When you trade algorithmic strategies in the Forex market one of the most important things you need to consider is that your strategy will be used across different brokers, all of which have different feeds (due to the lack of a central exchange). This means that your strategy should behave in a way that guarantees similarity in results between two feeds even if there are significant distortions between both of them. Usually the difference in feeds is largely white noise – something that we will discuss on a future post – but some differences, particularly the most damaging ones, come out as rather large directional distortions that cause price thresholds (high/lows) to be affected significantly. On today’s post we are going to discuss how we have modified Asirikuy systems to remove a big part of feed dependency and why these modifications actually work.

Before talking about how systems can be enhanced to become more robust against feed variations we need to better understand the nature of these differences. This is important because not all systems are affected by feed dependency and some seem to be affected by this dependency in different ways (for example some seem to be affected due to their time filtering while others seem to be affected even though no time filtering is used). Why is that ? My research between Alpari UK and forex-historical feeds suggests that there are two main factors that cause some systems to give very different results between the two feeds. The first is the selection of a given session for trading and the second is the use of short period hourly indicator or candle calculations.
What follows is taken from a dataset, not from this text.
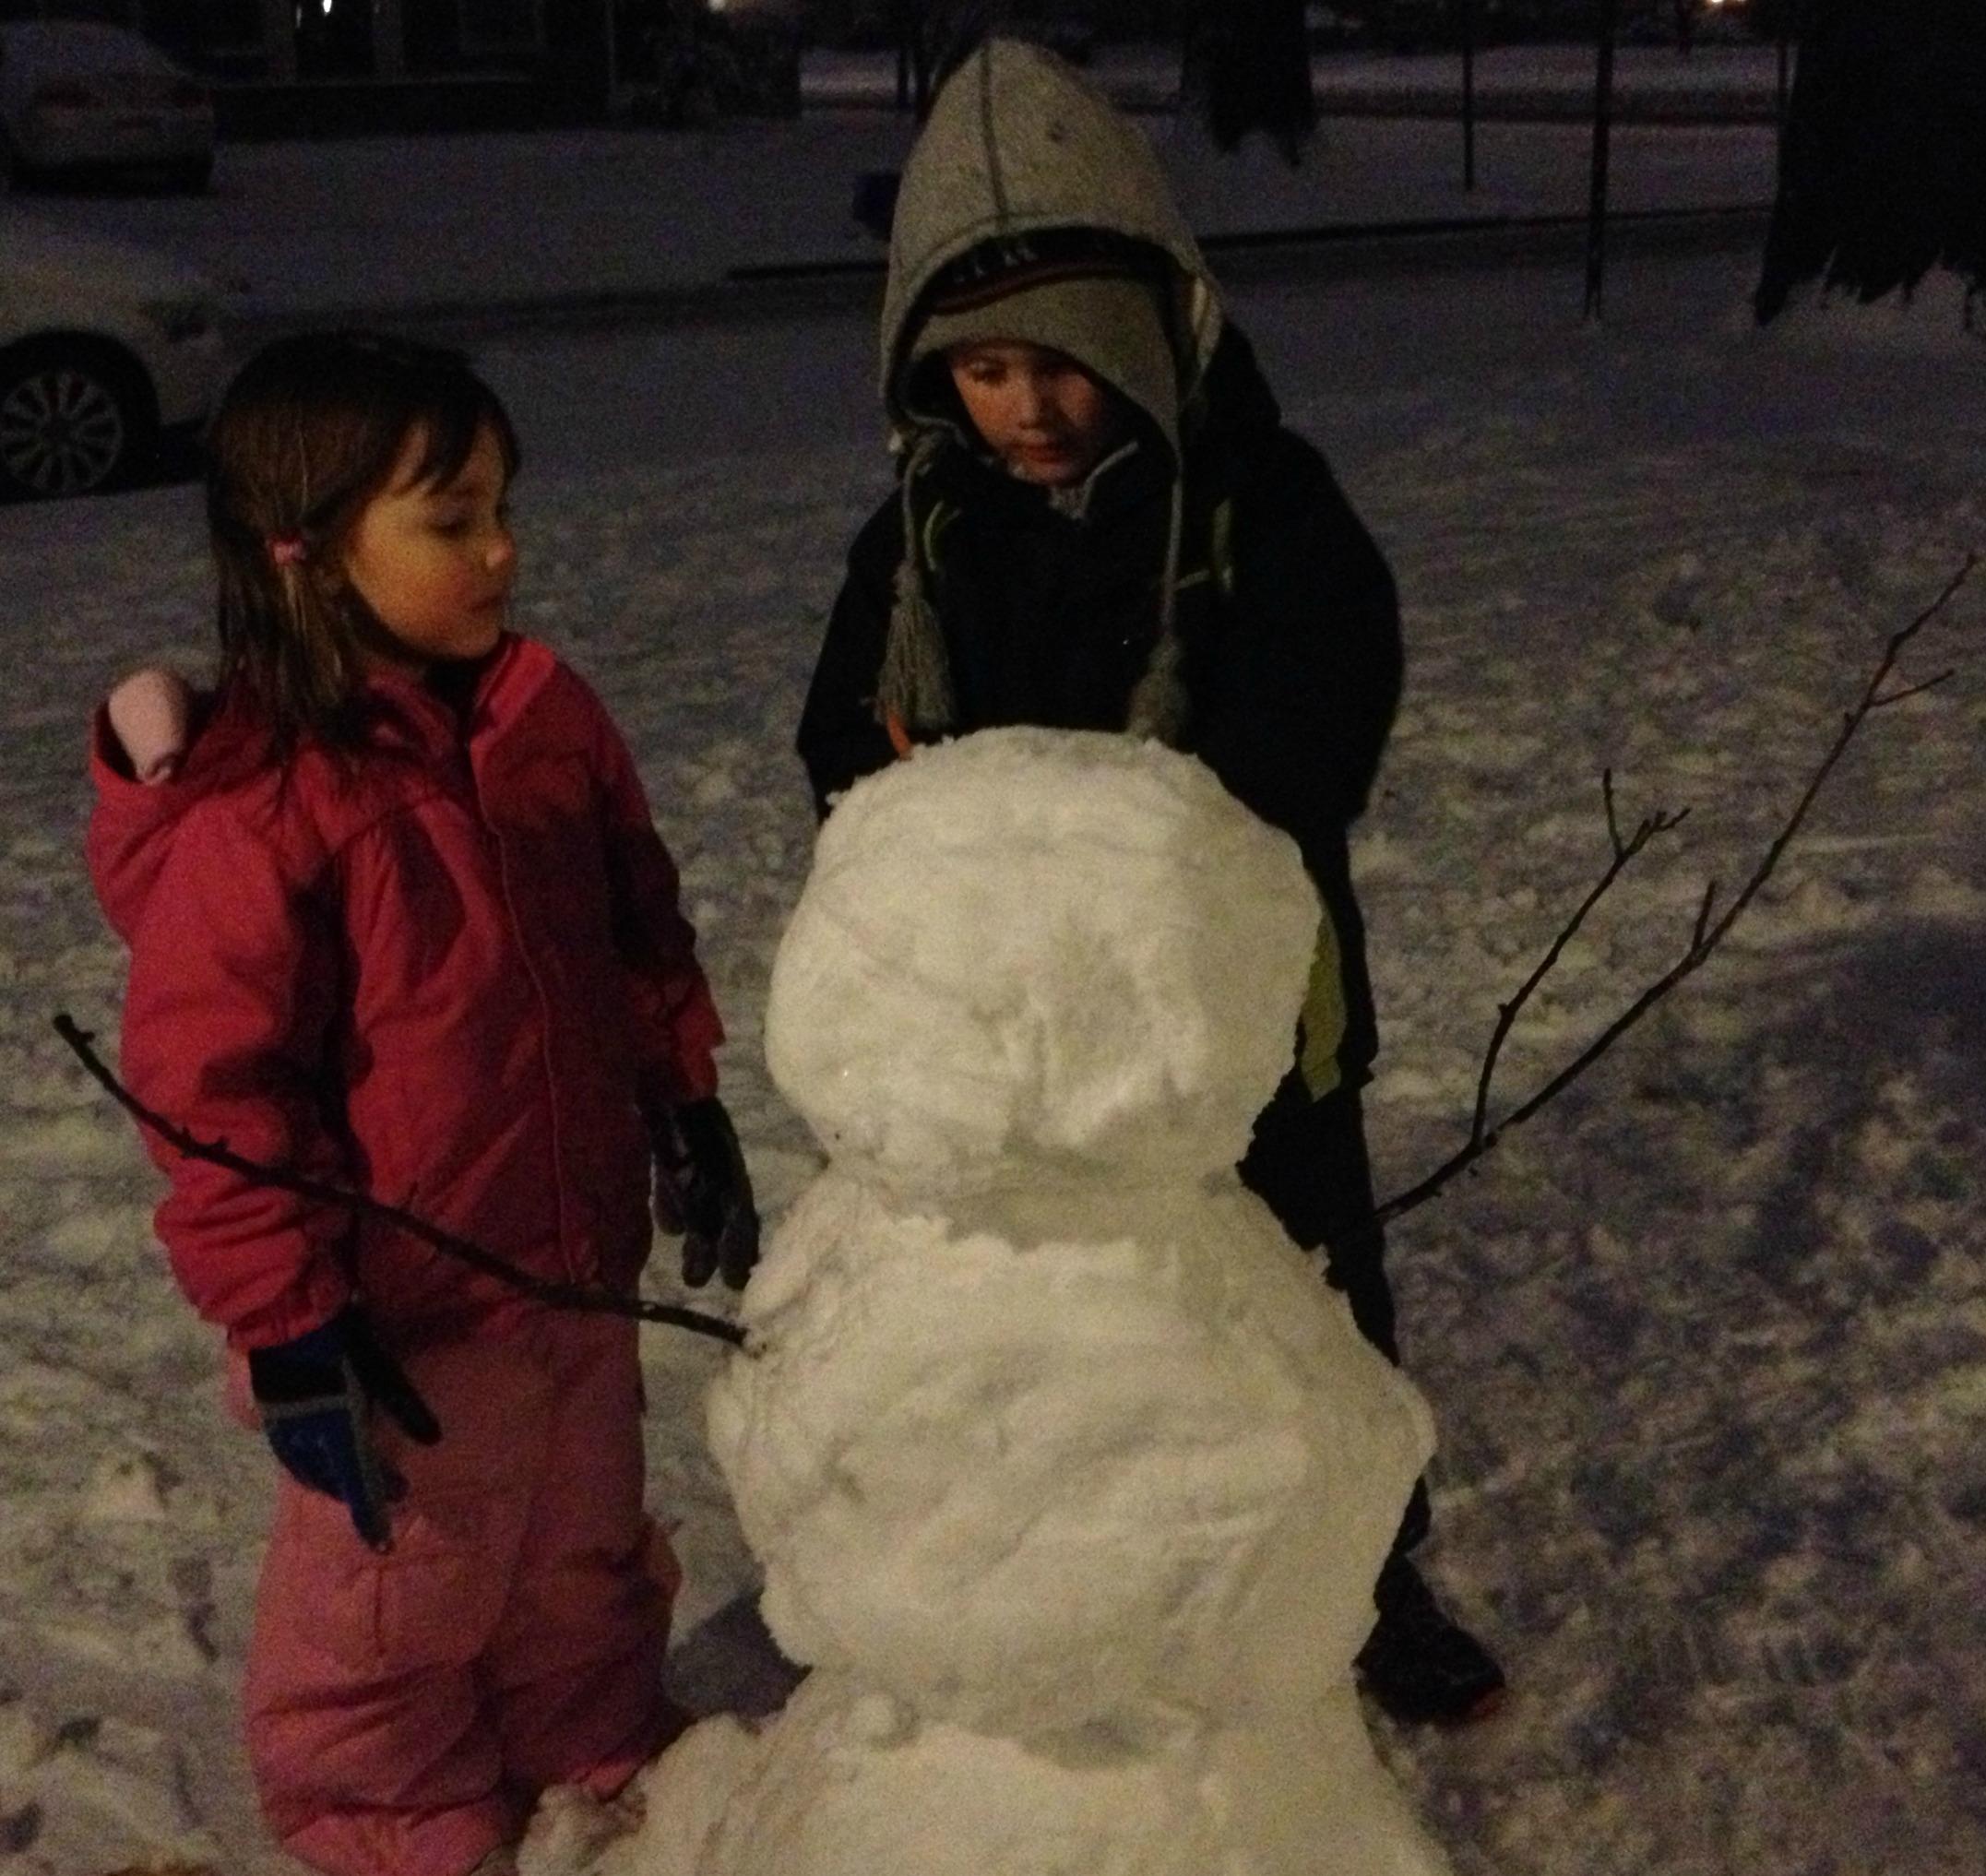 snowmanbuilders

Choosing a session affects the robustness against feed variations significantly because the variation between feeds is concentrated amongst periods of low volatility. If you have large variations around the Asian session and you choose to trade in this region it then becomes clear that results between two brokers will be very different, particularly depending on how you use the data within the session. Through my research I found out that systems that had big dependency due to the use of Asian session data (either by design or arrived at by optimization) used the session’s high/low information as a primary mechanism to decide trading signals. Since often we have significant feed-dependent spikes during the Asian session, two feeds gave very different data and therefore generated very different results.

The second problem, using low period hourly indicators, affected systems due to the big impact of single candle values in indicator outcomes. This means that if you needed data from just 3 hourly bars to take a trade you are prone to have different results because the values of the calculations are bound to be different across different feeds. This problem is particularly important if the thresholds for price action calculations are low or if the indicator values you are using rely on the high/low values rather than the closes. Since the high/low values tend to be the most affected by the feed dependency (as they record spikes that happen in a feed dependent manner) using them makes a system more prone to being less robust against feed variations overall.

How do we eliminate these problems as extensively as possible ? The answer wasn’t perfectly clear after the above was done but it did shine light into some possible paths. The first option I thought about implementing was using the median of indicators – instead of averages – such that the influence of outliers would be eliminated. This means that you would use the Median True Range (MTR) instead of the Average True Range (ATR) to estimate volatility and so on. However strategies showed even more dependency and lower profitability when using the median, possibly because the MTR wasn’t a good estimator of volatility and other median indicator values didn’t provide good profitability or robustness as well. Since the use of medians didn’t improve strategies significantly we had to search for more answers to the feed dependency problem.

Then I realized that the biggest influencing factor was the use of high and low values but particularly the use of highest/lowest thresholds. Systems that need information regarding the highest/lowest point of the last N bars tend to be much more prone to feed dependency. The way to improve strategies was then to eliminate the use of any highest/lowest thresholds and to replace them with the estimation of a period’s range based on a measurement of average volatility and its expansion around the median of all the highest/lowest  middle values of the period. If I need to estimate the range of the Asian session – for example – I would take the central point of the session and form a virtual high and low by expanding a volatility measurement around this point.

The results in this regard were particularly good, improving the results of both time sensitive and non-time sensitive strategies to make them far less feed dependent. Surprisingly this improved profitability as well, making the systems give even better results. I believe that the above technique gets into the “heart” of the session, eliminating possible outliers that may make a session seem different than what it really is. If you have a session for which all candles have a range around 20 pips and one of them is 50, you would then consider the session as a 20 pip session and not as a 50 pips one. The expansion of a volatility measurement around this median measurement allows for a significant improvement in the detection of sessions with the adequate characteristics needed for trading. Furthermore, this detection is surprisingly robust to feed variations.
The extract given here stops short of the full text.